VEPLA was utilized to show that the gKΔ31–68 mutation prevented virions from entering into neuronal axons, in agreement with our published results that this mutation caused the inability to infect ganglionic neurons after ocular infection of mice (35). It is likely that inhibition of virus entry reflects the inability of gB to cause fusion of viral envelopes with axonal membranes in the presence of the gKΔ31–68 mutation. This is supported by our previous results that the amino terminus of gK spanning the gKΔ31–68 mutation interacts with the amino terminus of gB (30). Alternatively, the amino terminus of gK may enable binding of virions to gK-specific receptors that are required for virus entry. HSV-1 and HSV-2, as well as all alphaherpesviruses, infect neuronal endings embedded into the epidermis and mucosal surfaces, including the highly innervated corneal epithelium. Prediction of the three-dimensional structures of gK specified by alphaherpesviruses shows remarkable primary and predicted tertiary structures (unpublished data). Of particular interest to this study is conservation of predicted structural domains within the amino termini of gK specified by HSV-1, HSV-2, varicella-zoster virus (VZV), and monkey B virus (Fig. 9). The β-sheet structure contained within the gKΔ31–68 deletion is conserved among these viruses as well as other alphaherpesviruses (not shown), suggesting that they may play a conserved role in infection of neuronal axons.

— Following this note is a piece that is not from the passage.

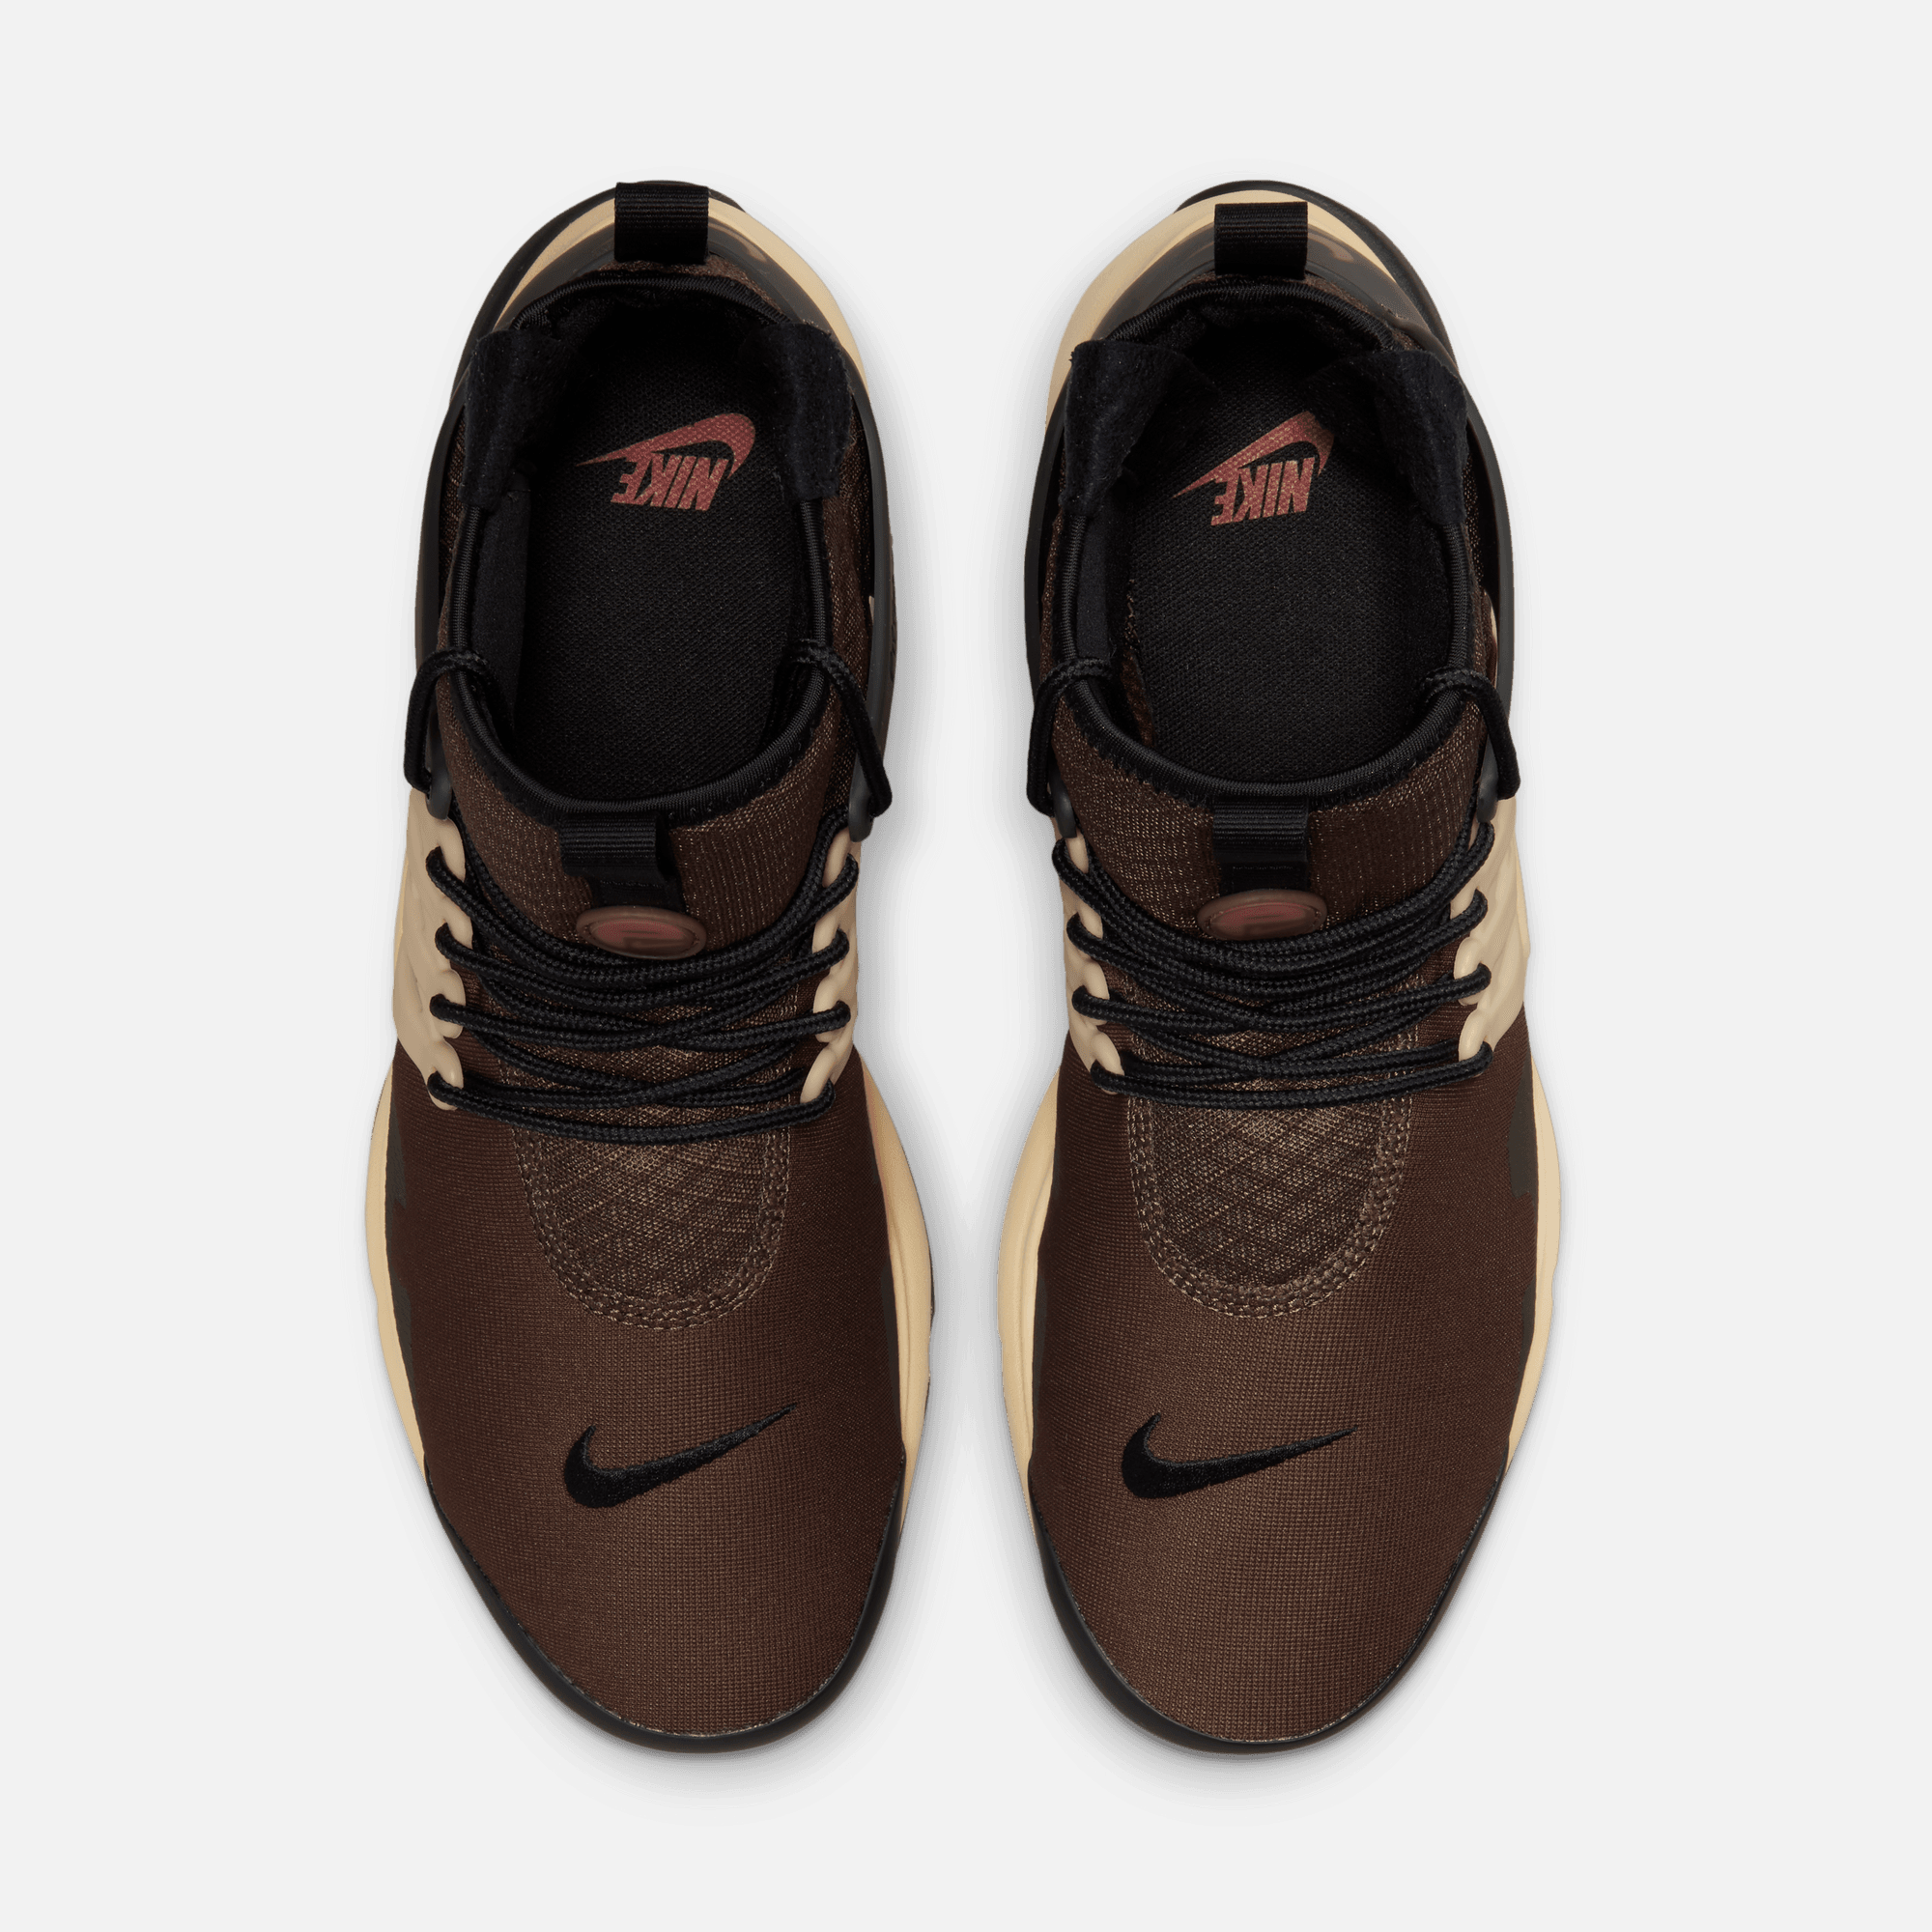 Nike Presto Mid Utility Brown
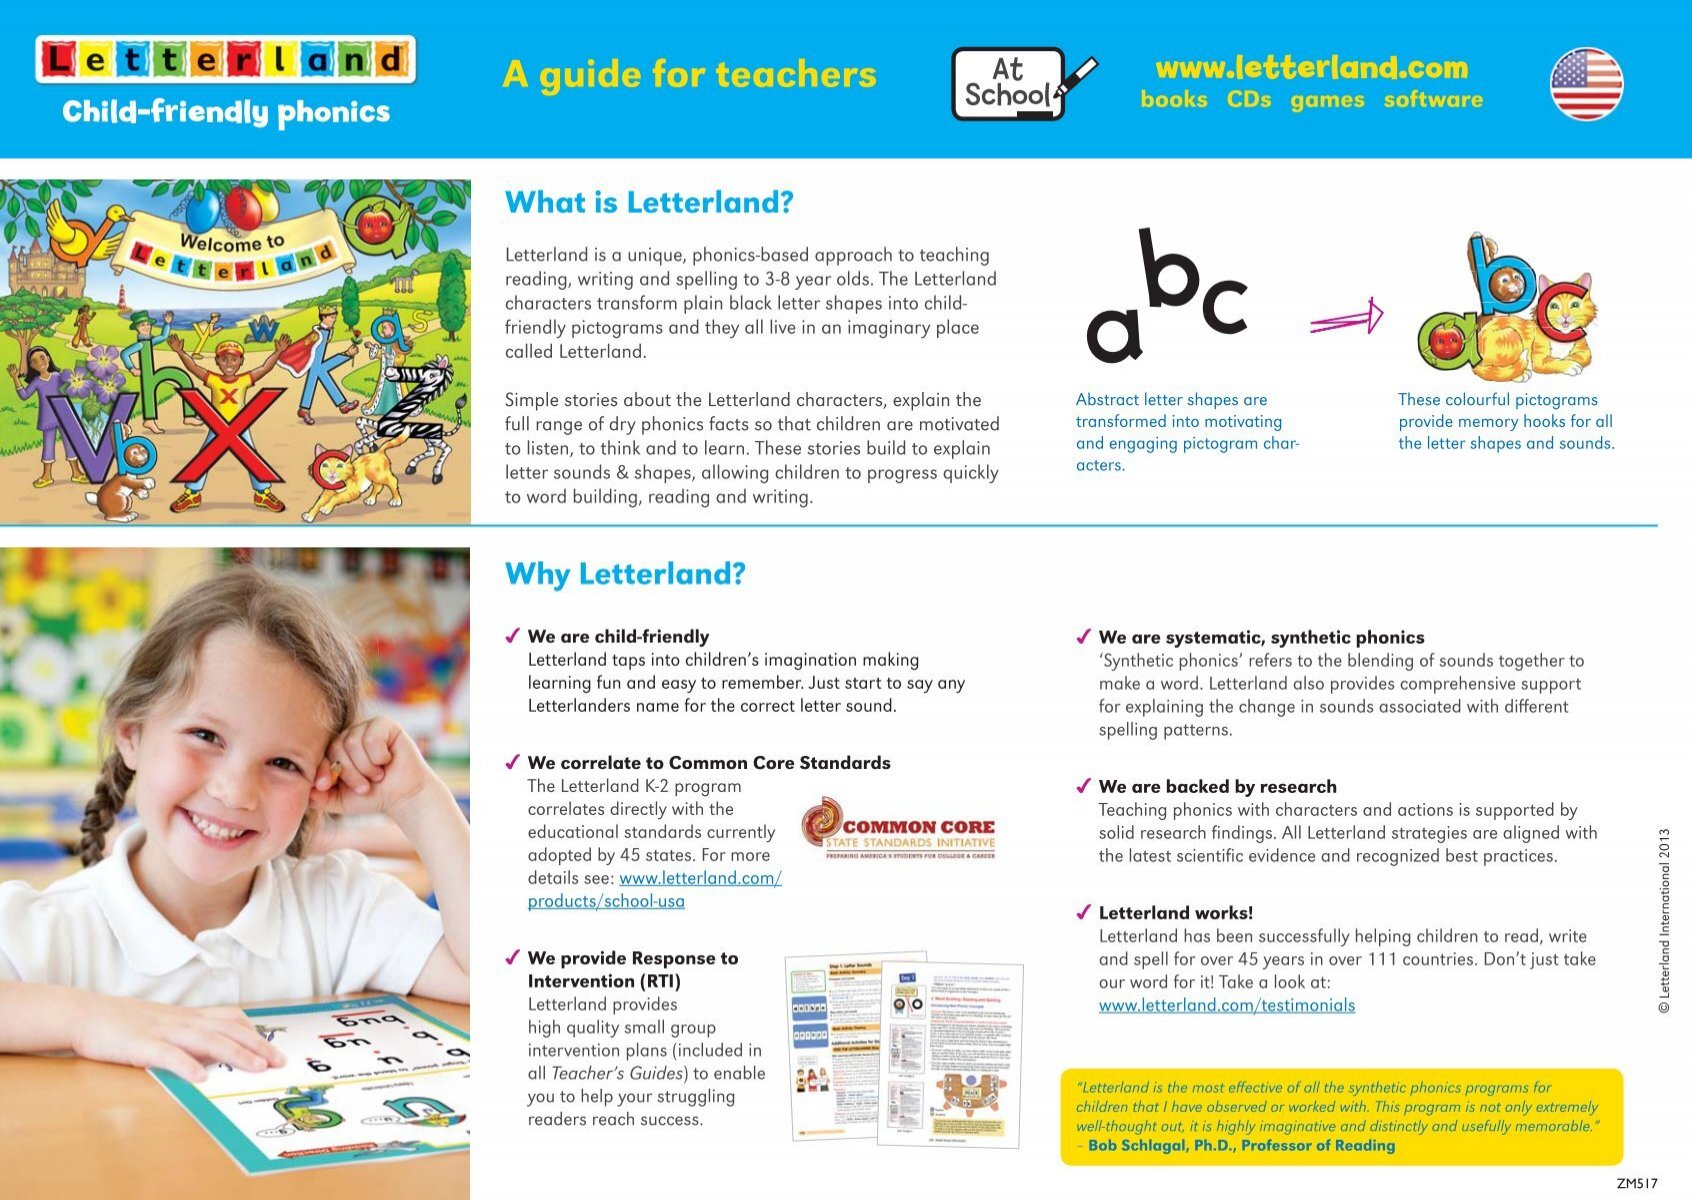 teacher-s-guide-leaflet-letterland

Understanding of the role of gK in neuronal entry will enable the production of new ways to ameliorate these infections, as well as assist in the development of safe live-attenuated vaccines and viral vectors to combat HSV and other infectious diseases. In support of this prediction, we have recently shown that the HSV-1 (VC2) vaccine strain containing the gKΔ31–68 mutation protected mice against lethal intravaginal challenge with either virulent HSV-1 or HSV-2 in mice (84).

Funding Statement

The funders had no role in study design, data collection and interpretation, or decision to submit the work for publication.